> [WORK REQUEST]:
After finding the line with "A4: Cost Accounting" in the data below, set down exactly each line through the one with "Bears' Cole Kmet", inclusive, and stop there.

> [INPUT FOR THIS TASK]:
*** Begin section ***
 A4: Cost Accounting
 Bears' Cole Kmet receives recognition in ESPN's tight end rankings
*** End section ***
*** Begin section ***
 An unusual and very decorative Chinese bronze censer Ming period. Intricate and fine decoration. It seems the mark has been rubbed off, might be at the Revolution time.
*** End section ***
*** Begin section ***
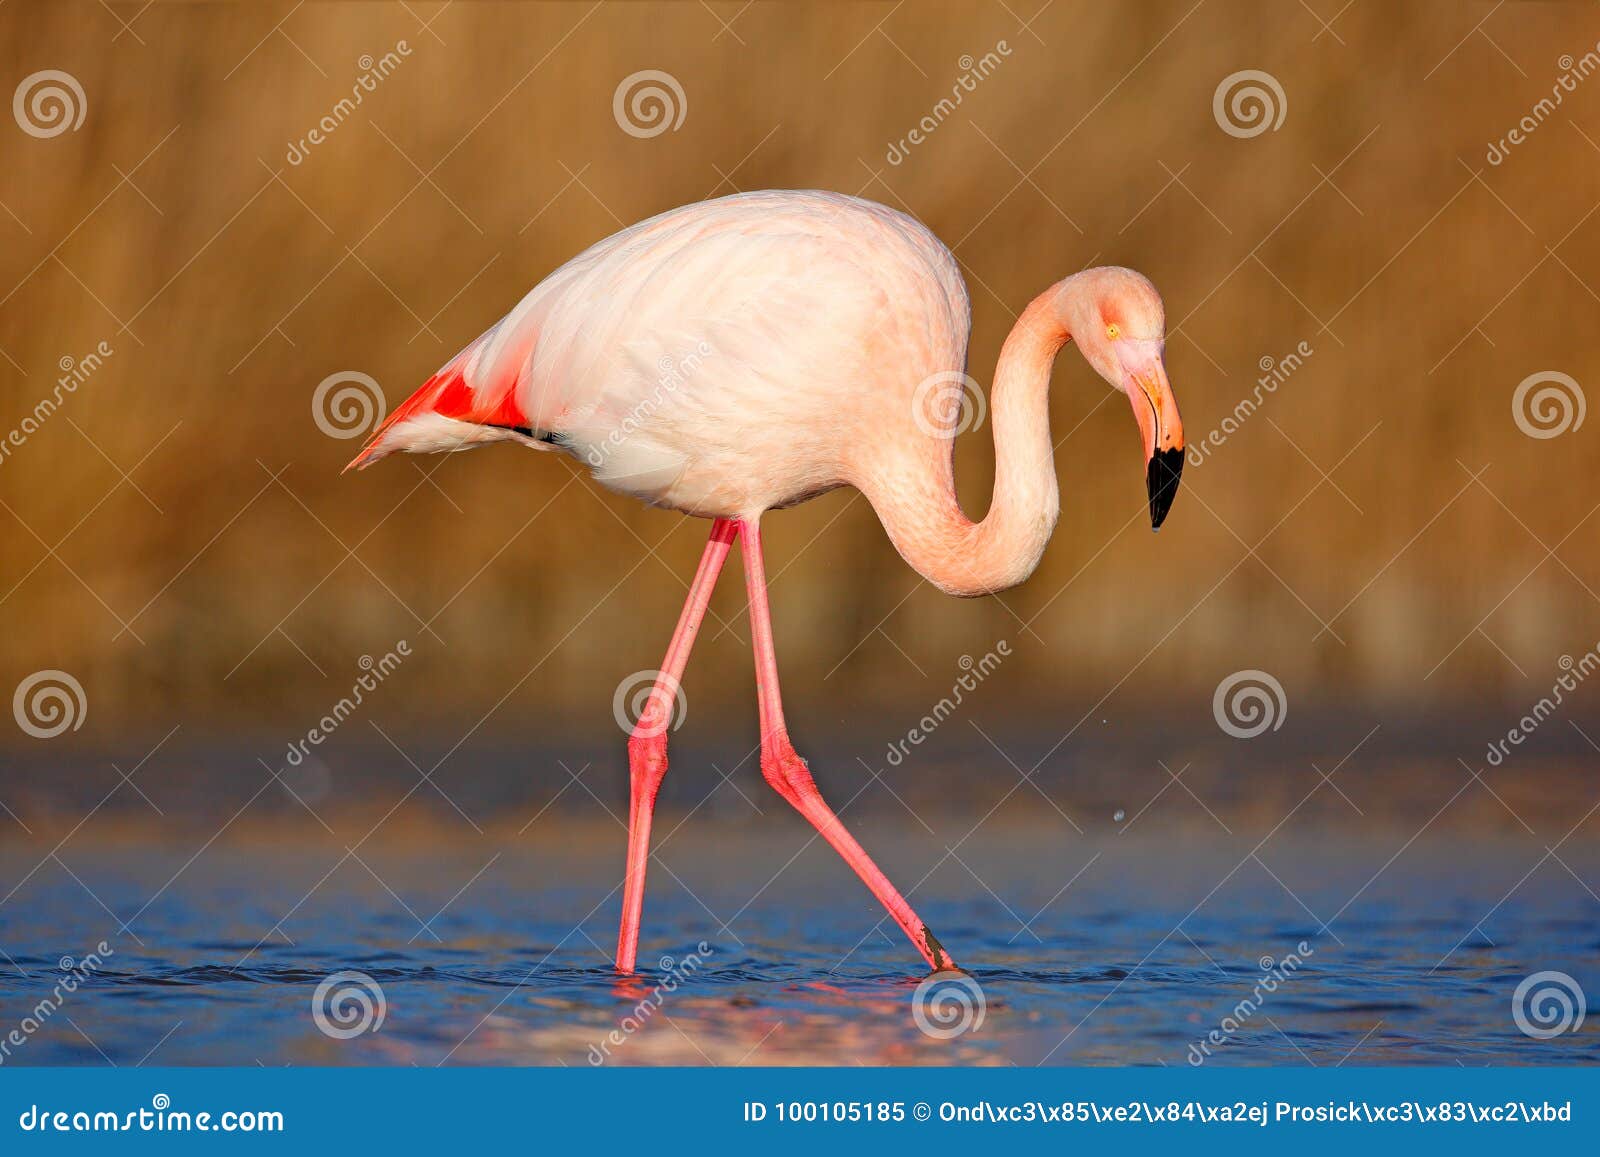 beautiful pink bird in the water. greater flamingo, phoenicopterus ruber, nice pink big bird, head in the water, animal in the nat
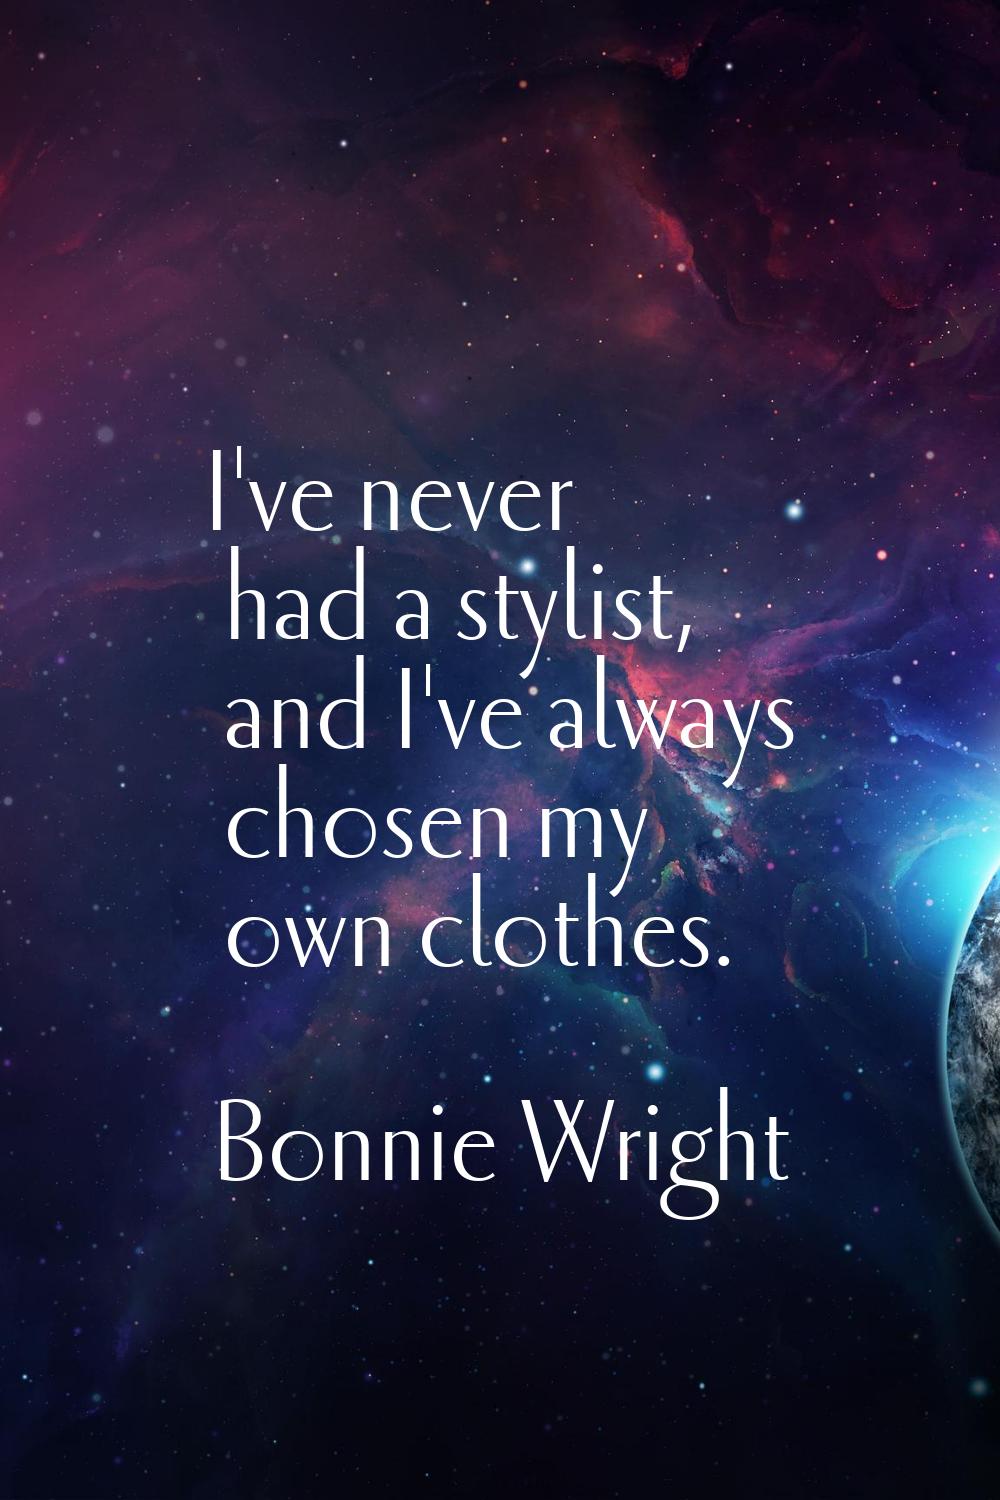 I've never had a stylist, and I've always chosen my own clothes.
*** End section ***
> [EXERCISE RESULT]:
 A4: Cost Accounting
 Bears' Cole Kmet receives recognition in ESPN's tight end rankings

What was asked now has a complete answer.